_What is expected:_ Set the data down again, exactly as it reads, but without the pictures.

_Recorded information:_
● ● ● ● ● ● ●
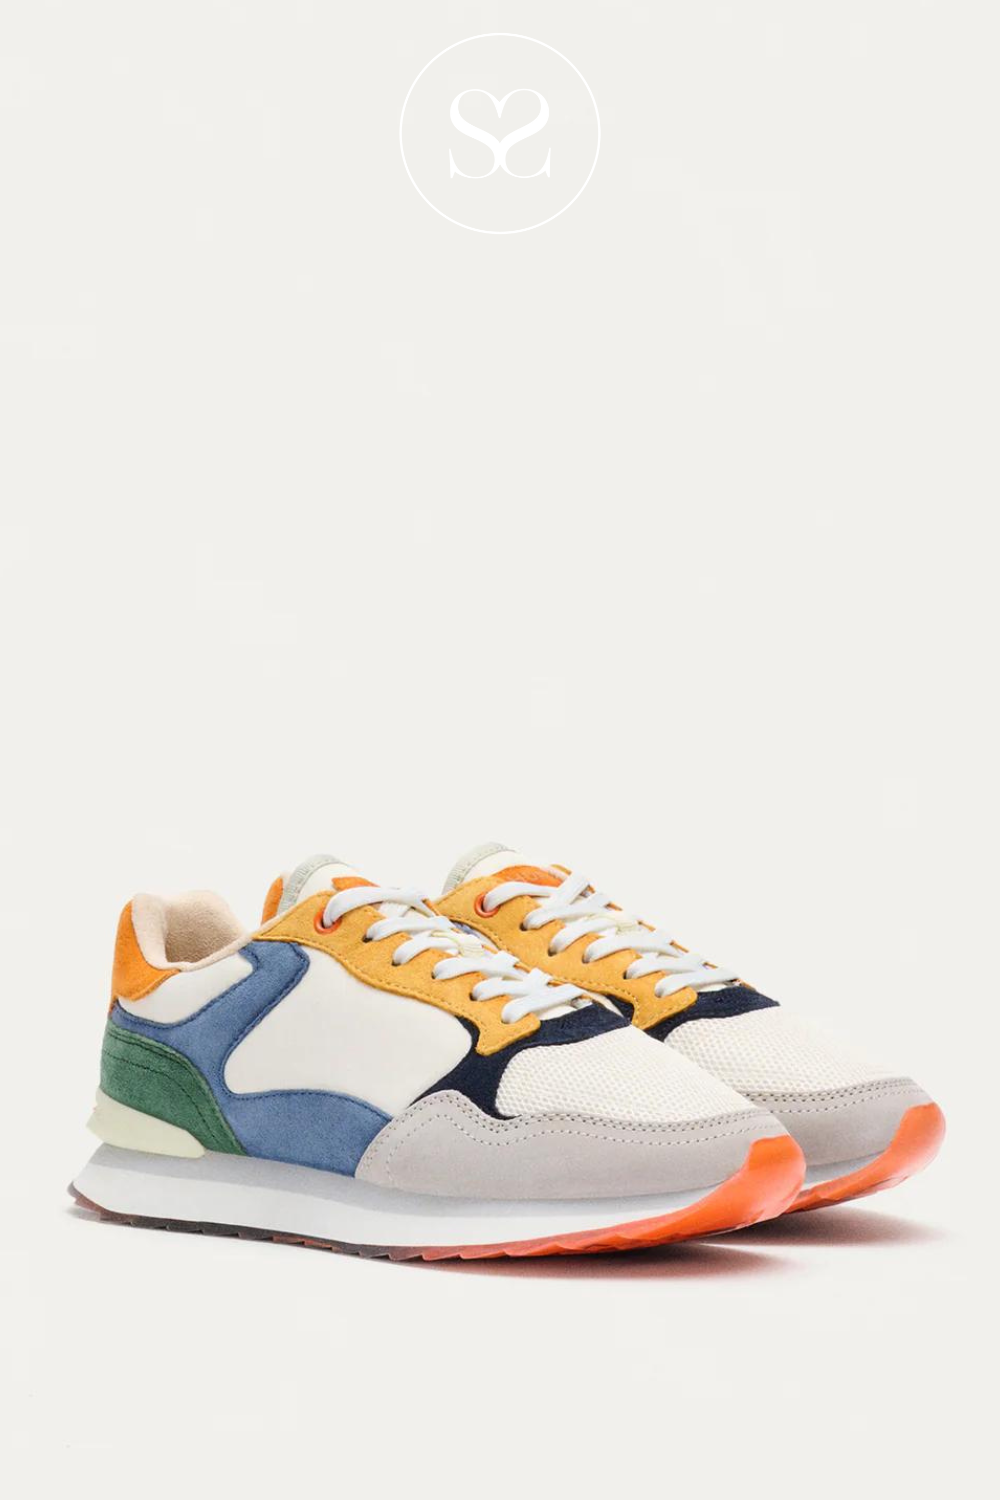 HOFF BANGKOK COLOURFUL TRAINERS WITH WHITE LACES, HOFF LOGO ON THE HEEL AND A CUSHIONED INSOLE
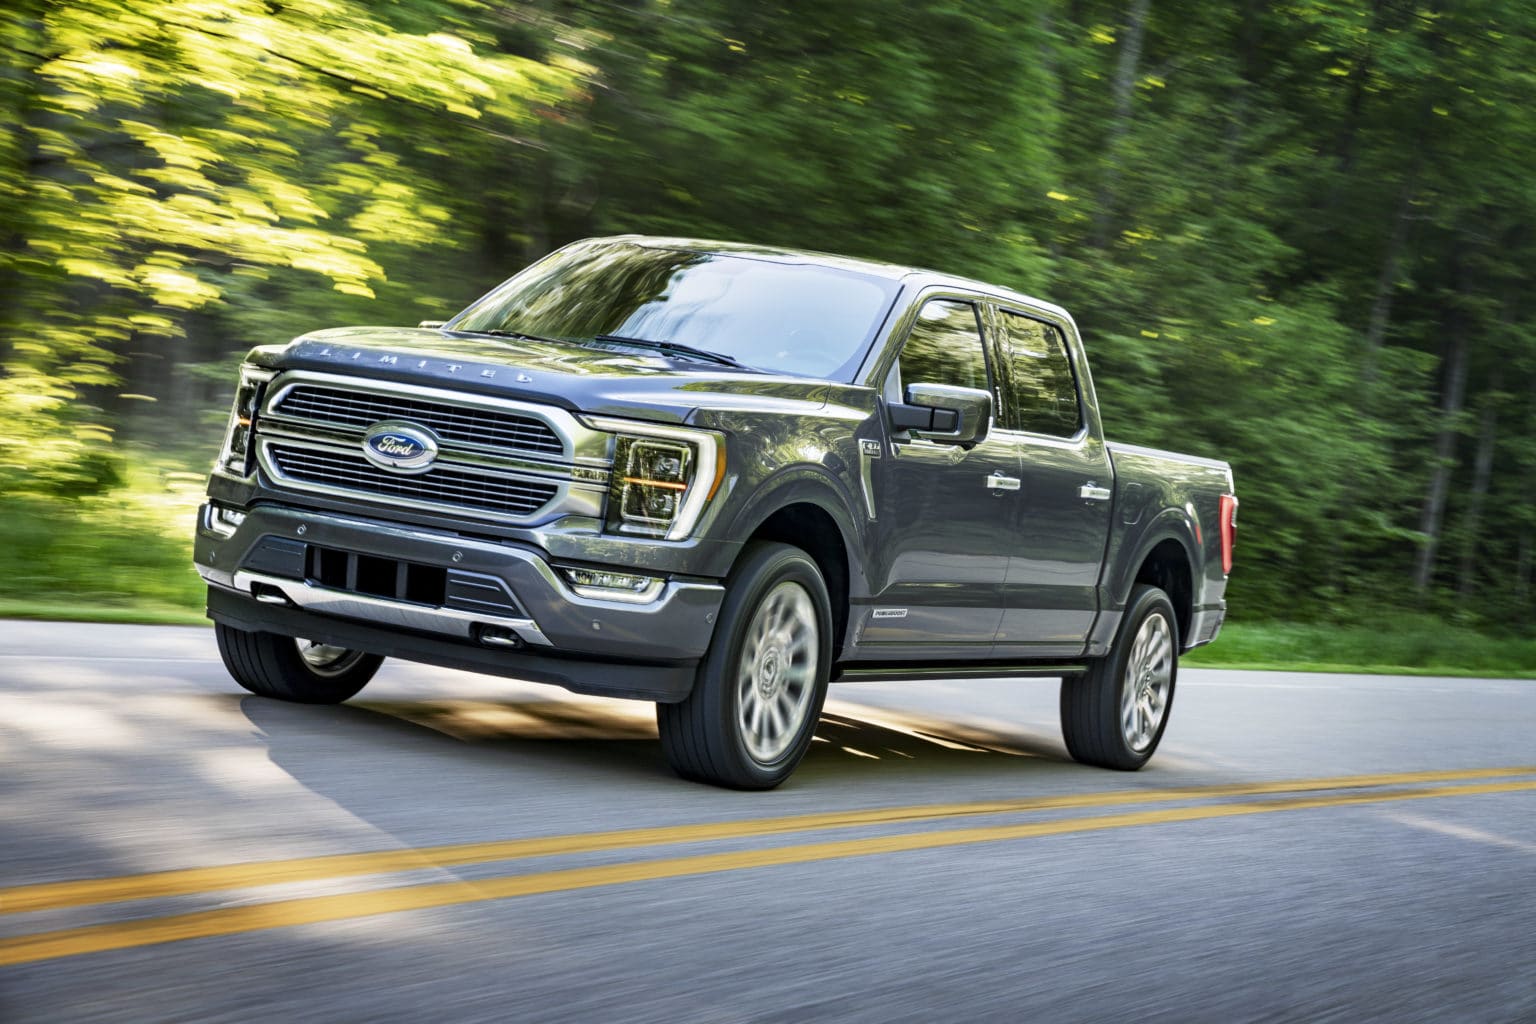 Ford F-150 a pleasure to drive every day
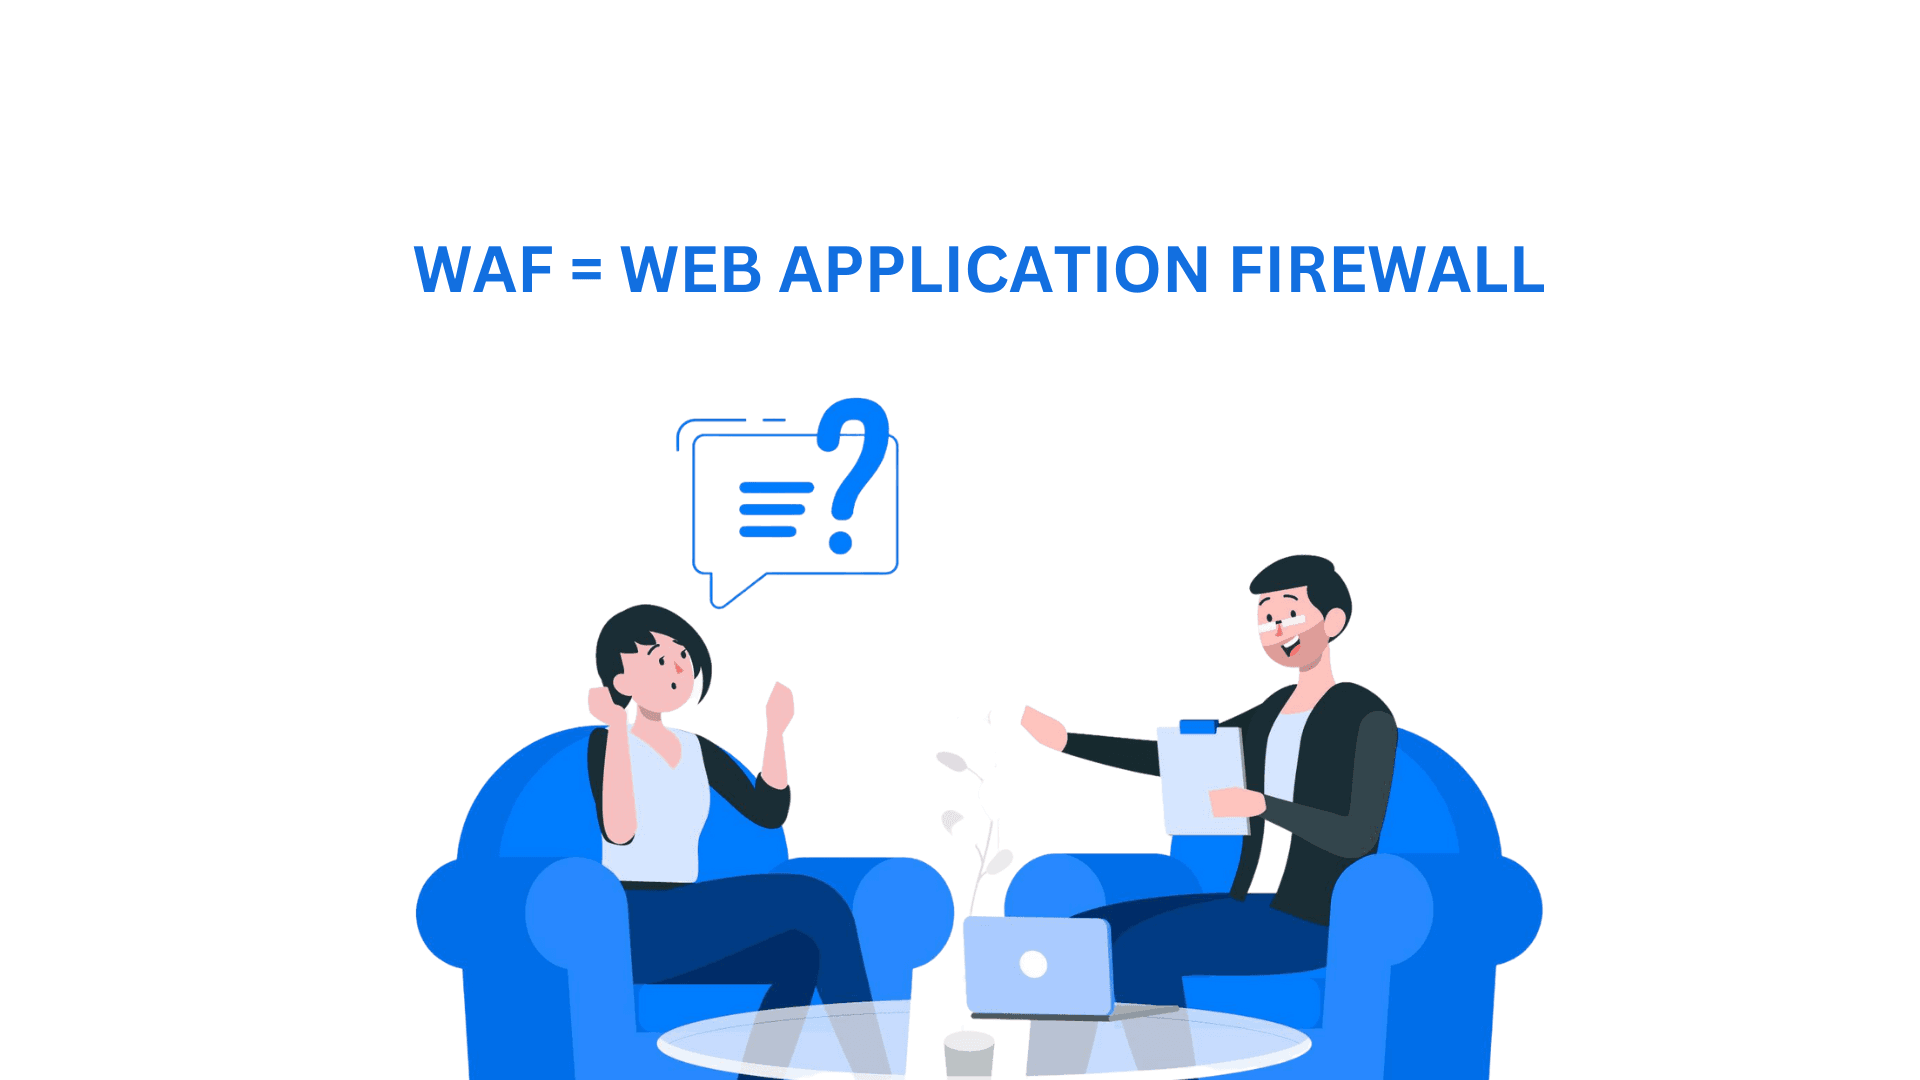 1. What is WAF?
● ● ● ● ● ● ●
_Exercise response:_
 HOFF BANGKOK COLOURFUL TRAINERS WITH WHITE LACES, HOFF LOGO ON THE HEEL AND A CUSHIONED INSOLE
 Ford F-150 a pleasure to drive every day
 1. What is WAF?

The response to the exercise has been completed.